Now we go the 20 test cases provided to use and build predictions for those.
forestpredict.final<-predict(forestFit,test)
print(forestpredict.final)
## [1] B A B A A E D B A A B C B A E E A B B B
## Levels: A B C D E
Write out the answers for the automatic grading
pml_write_files = function(x){
n = length(x)
for(i in 1:n){
filename = paste0("problem_id_",i,".txt")
write.table(x[i],file=filename,quote=FALSE,row.names=FALSE,col.names=FALSE)
}
}
pml_write_files(forestpredict.final)
We tried to predict the outcome variable (categorical variable called "classe") using 53 raw predictors, using popular machine learning algorithms.
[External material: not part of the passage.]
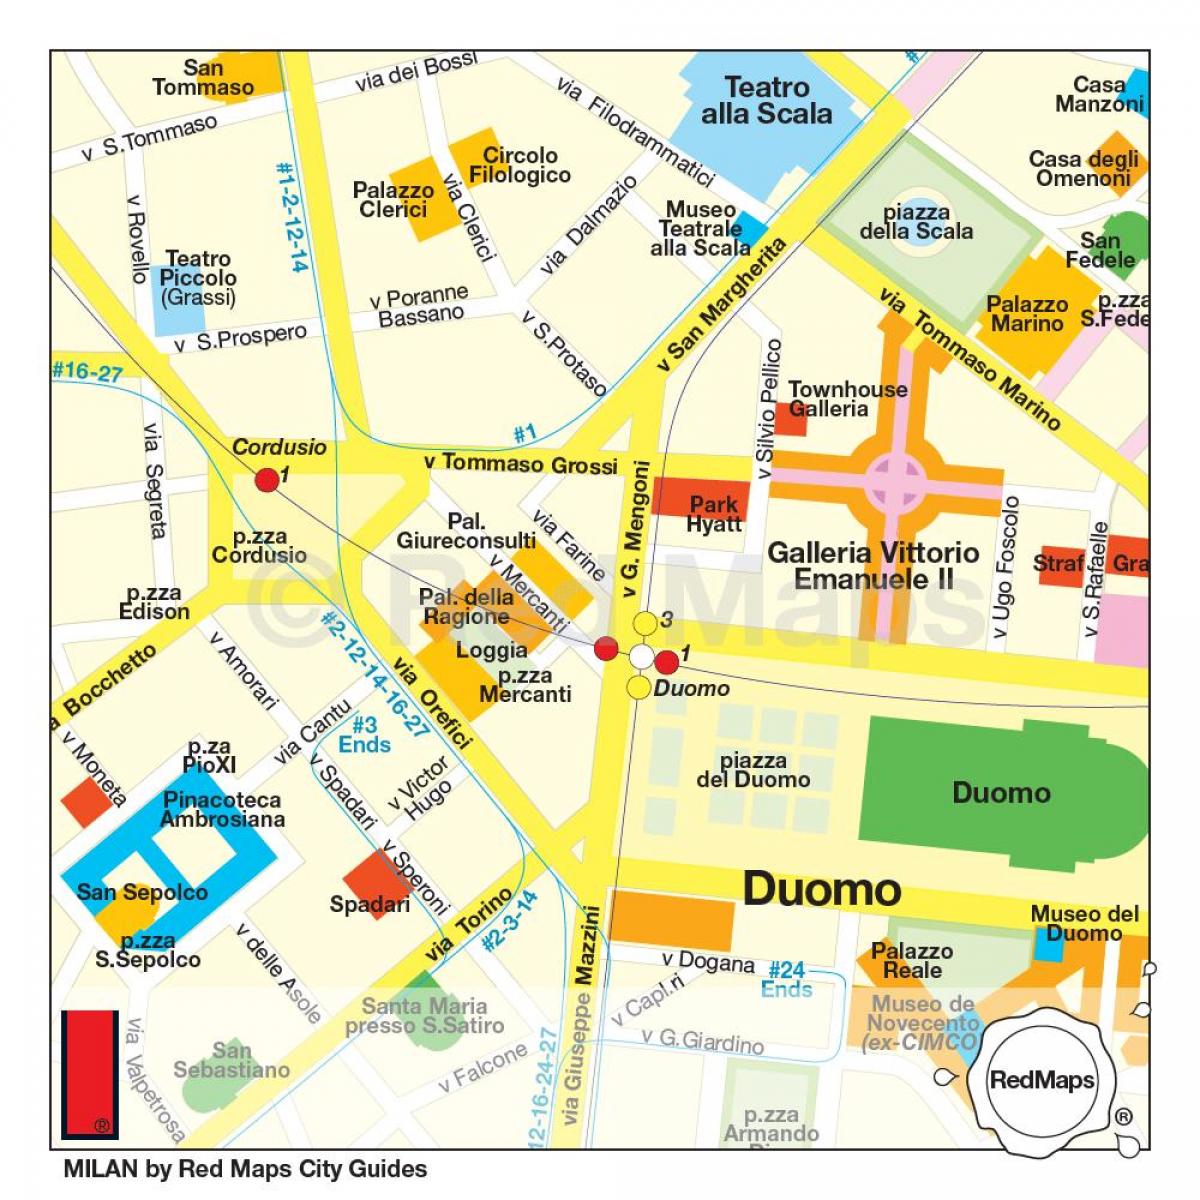 Mailand shopping district anzeigen
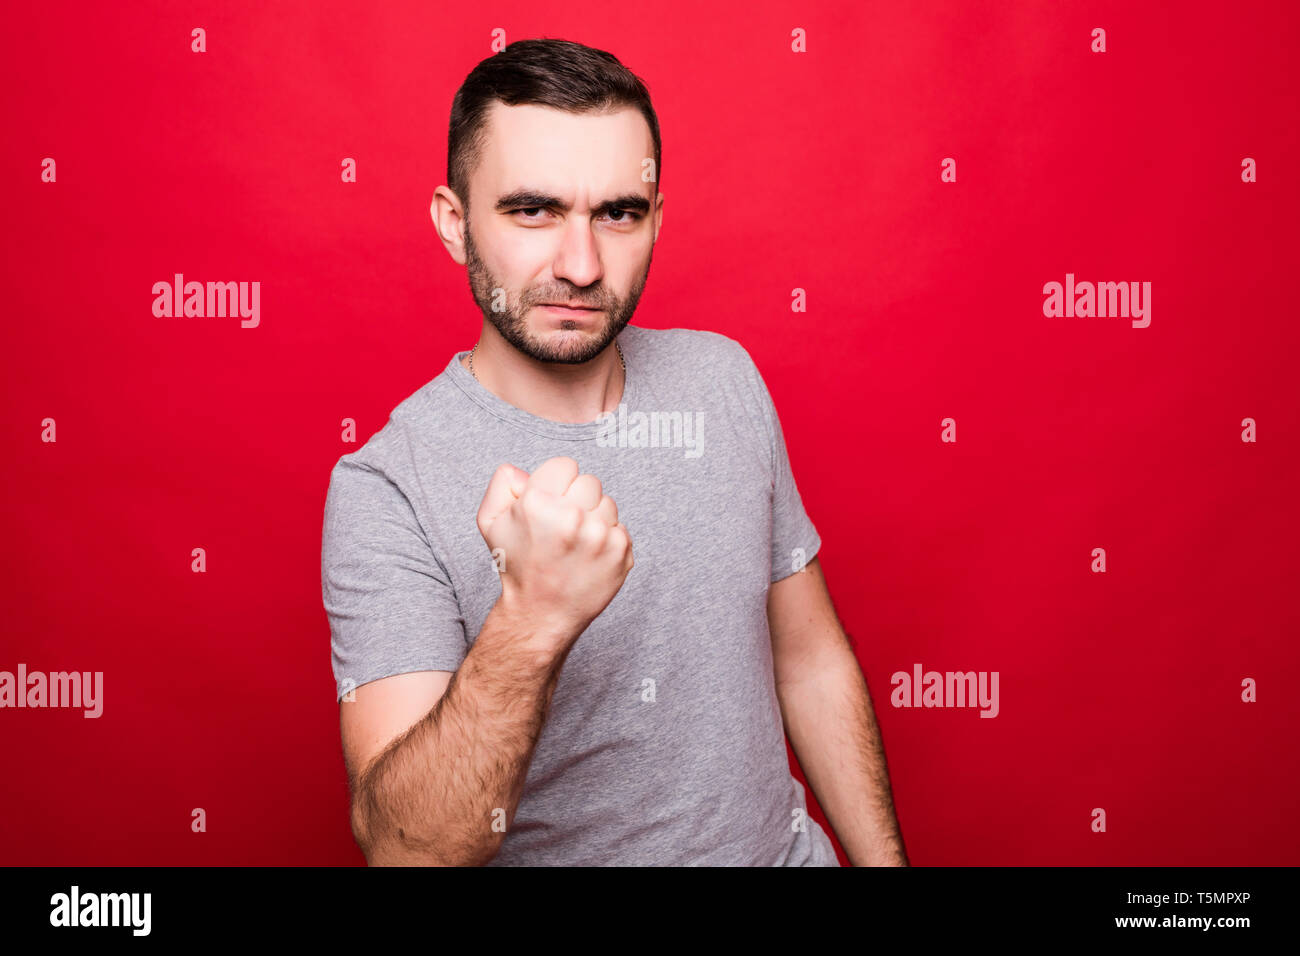 Angry Young Man Show geballte Faust drohen oder Warnung geben auf Roten studio Hintergrund isoliert Gefahr oder Bedrohung zeigen Stockfoto

We considered 4 algorithms:
-
- basic regression tree,
-
- basic multinomial logistic regression with lasso penalty,
-
- linear vector support machines,
-
- random forest (a mixture of regression trees).
We eliminated algorithms 2 and 3 on computational grounds. We have chosen algorithm 4 based upon the far superior out-of-sample prediction performance, namely used a hold-out validation sample to test the final choice between the two algorithms.